(Beginning of Source material)
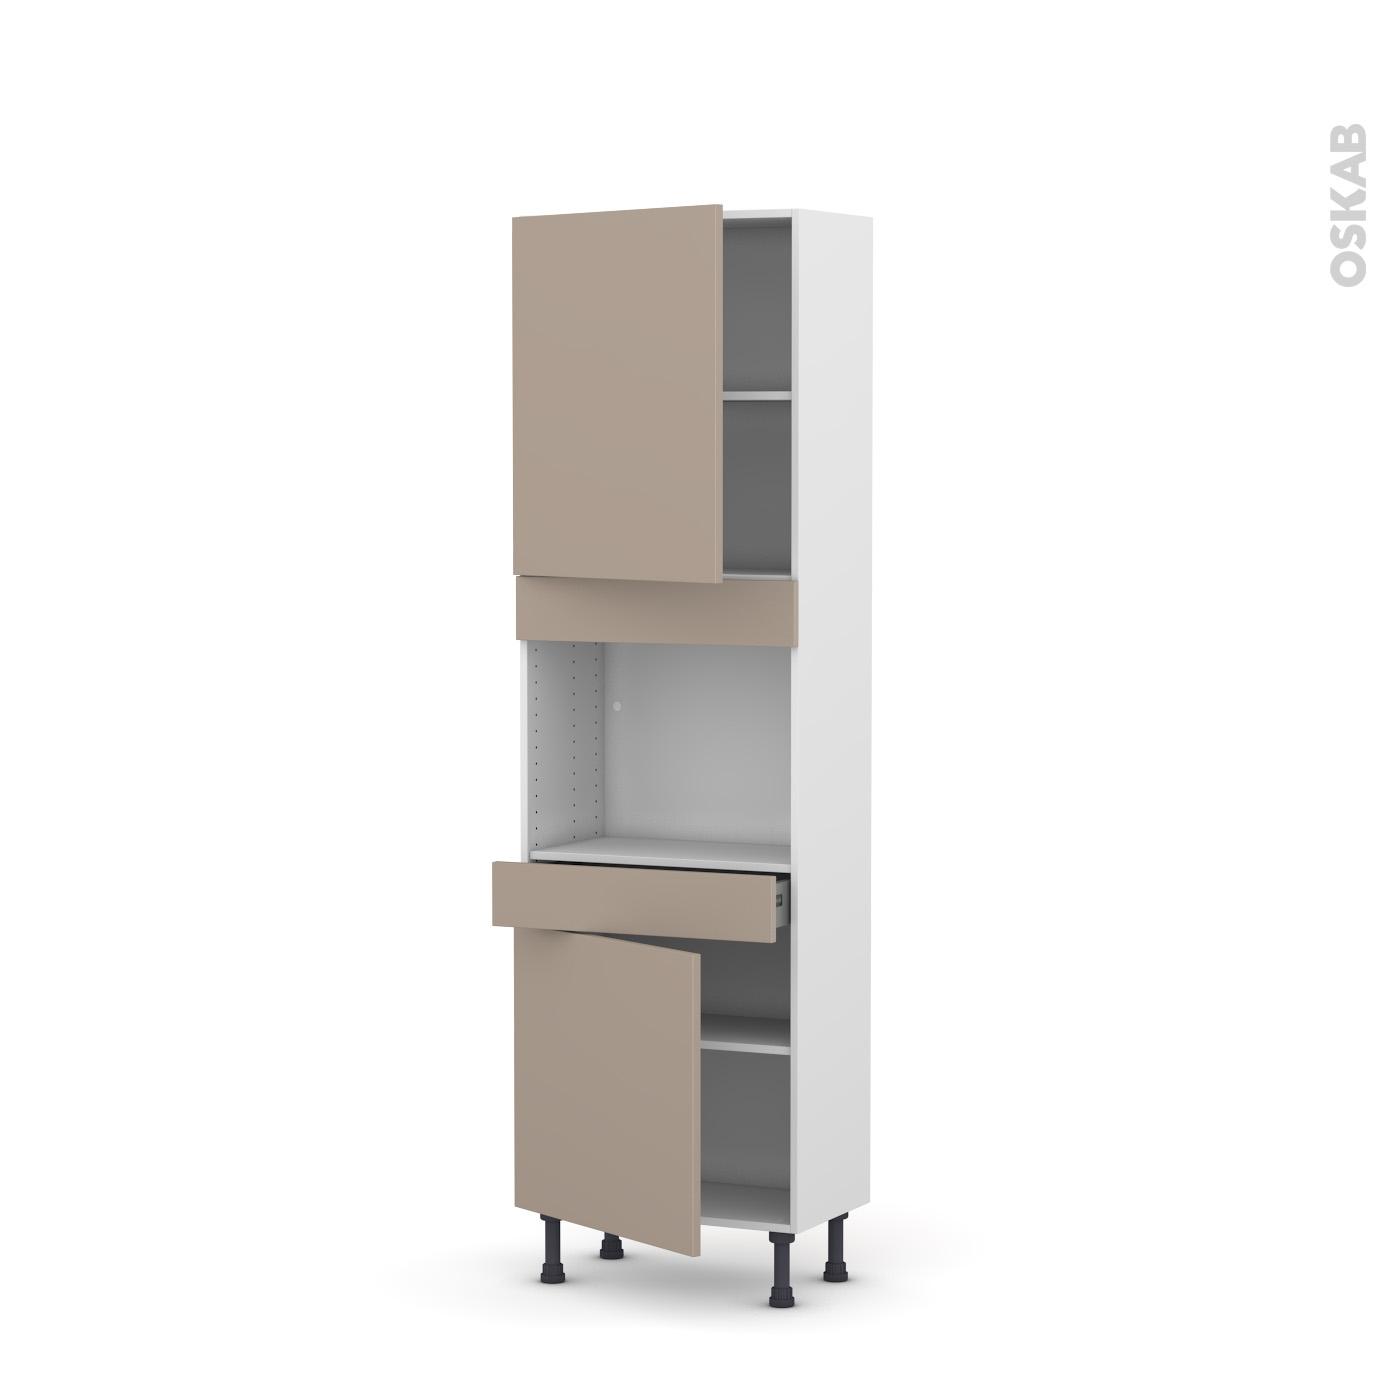 Meuble Sous Plaque Four Ikea colonne de cuisine n°2156 four encastrable niche 45 ginko taupe, 2 portes 1  tiroir, l60 x h195 x p37 cm
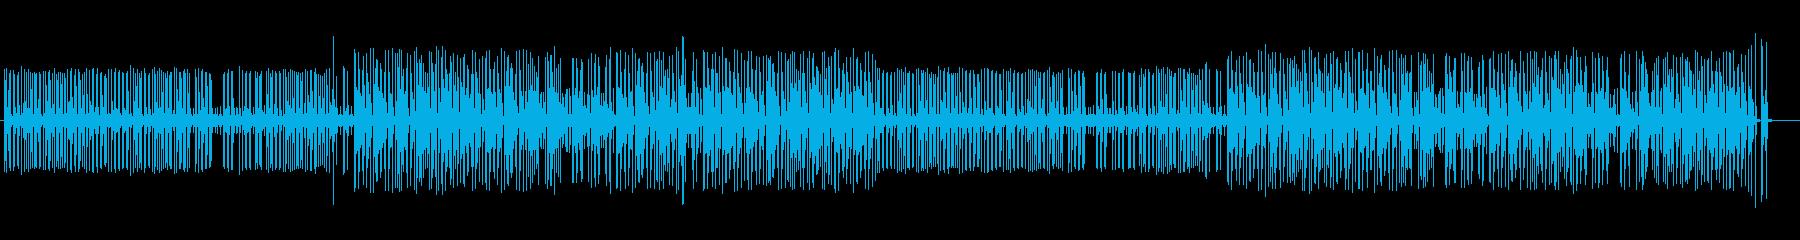 浮遊感を感じさせるシンセポップの再生済みの波形
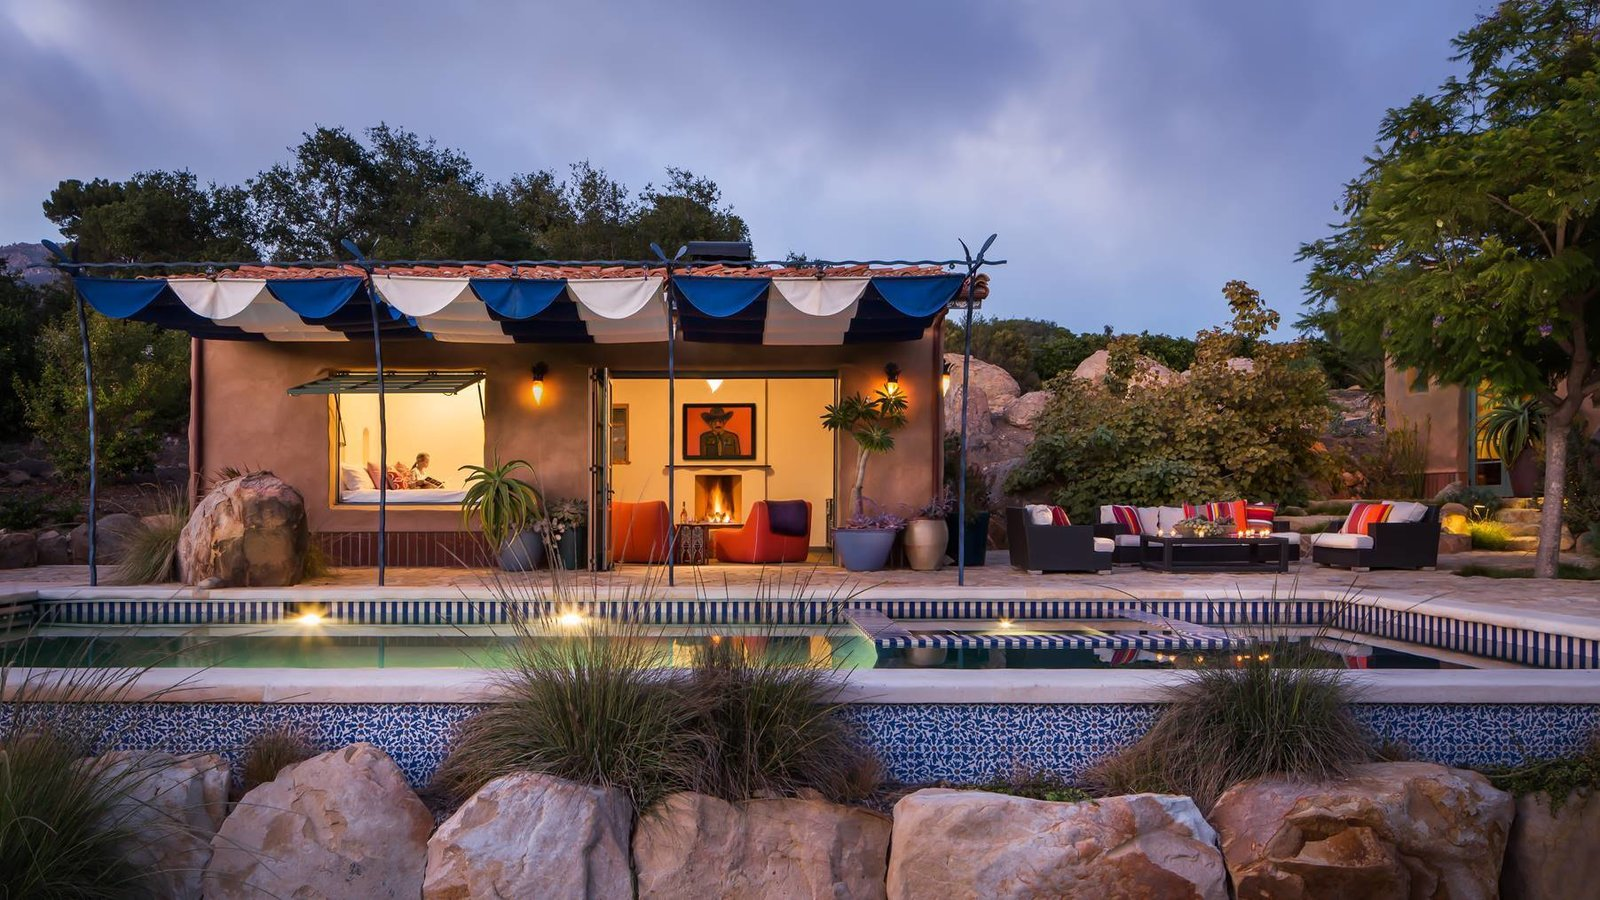 Cabaña. Pool exterior using Paul's Flower Tile.  La Roca
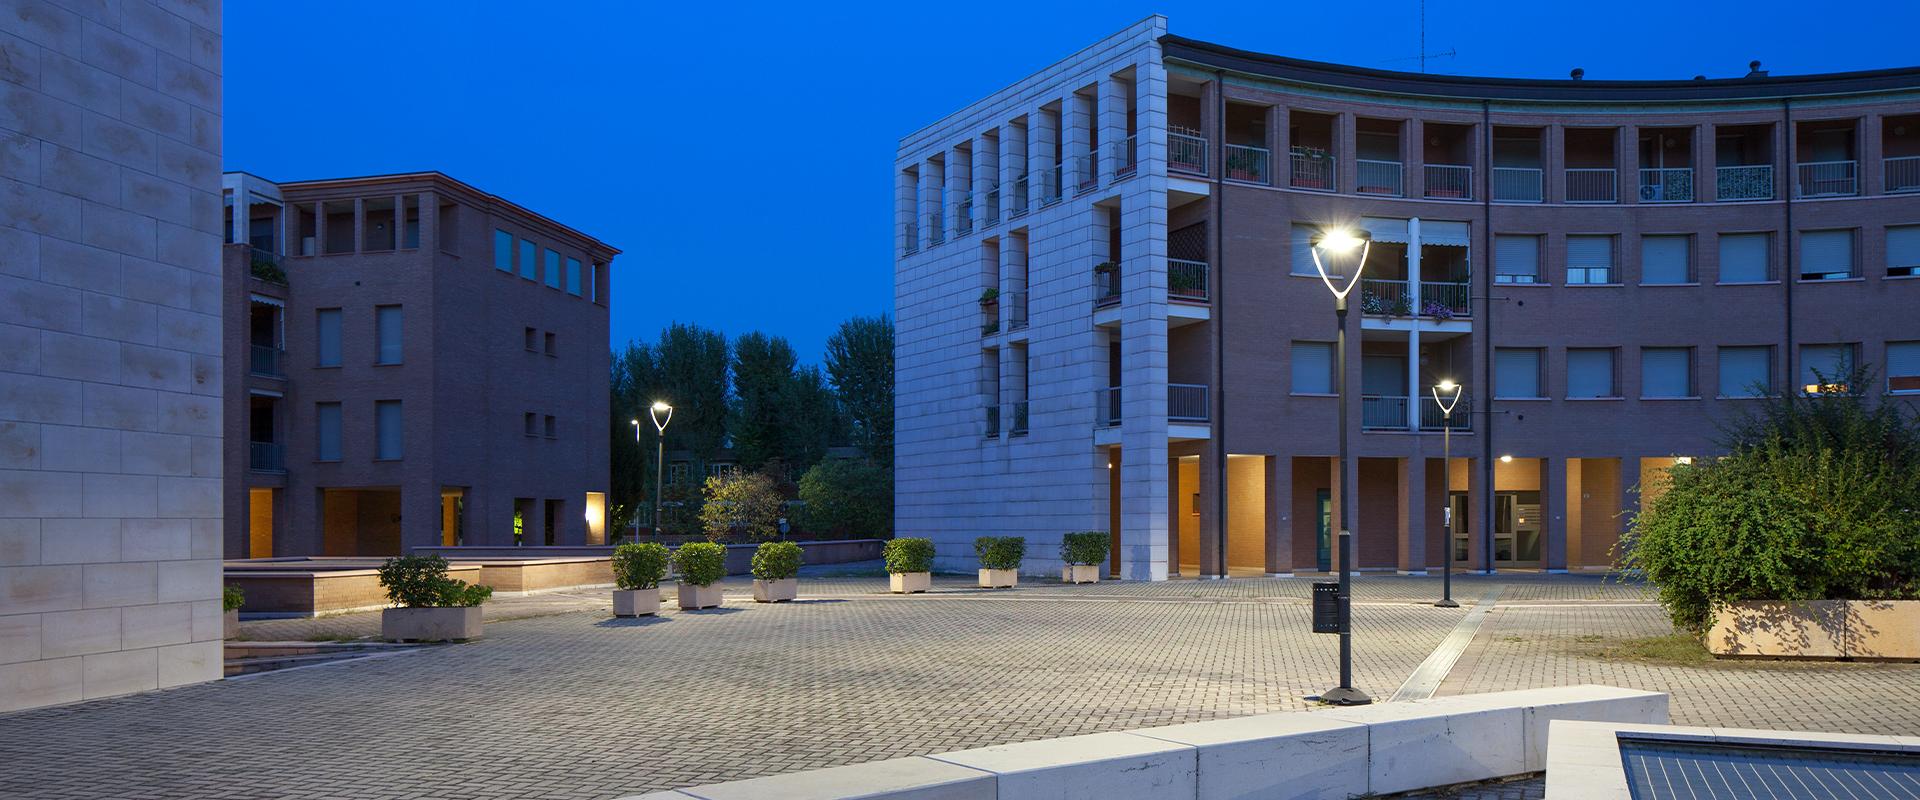 Illuminazione pubblica a LED della città di Modena
(End of Source material)
What you need to do
Retype the material above exactly, images excluded.

Written response
 Meuble Sous Plaque Four Ikea colonne de cuisine n°2156 four encastrable niche 45 ginko taupe, 2 portes 1  tiroir, l60 x h195 x p37 cm
 浮遊感を感じさせるシンセポップの再生済みの波形
 Cabaña. Pool exterior using Paul's Flower Tile.  La Roca
 Illuminazione pubblica a LED della città di Modena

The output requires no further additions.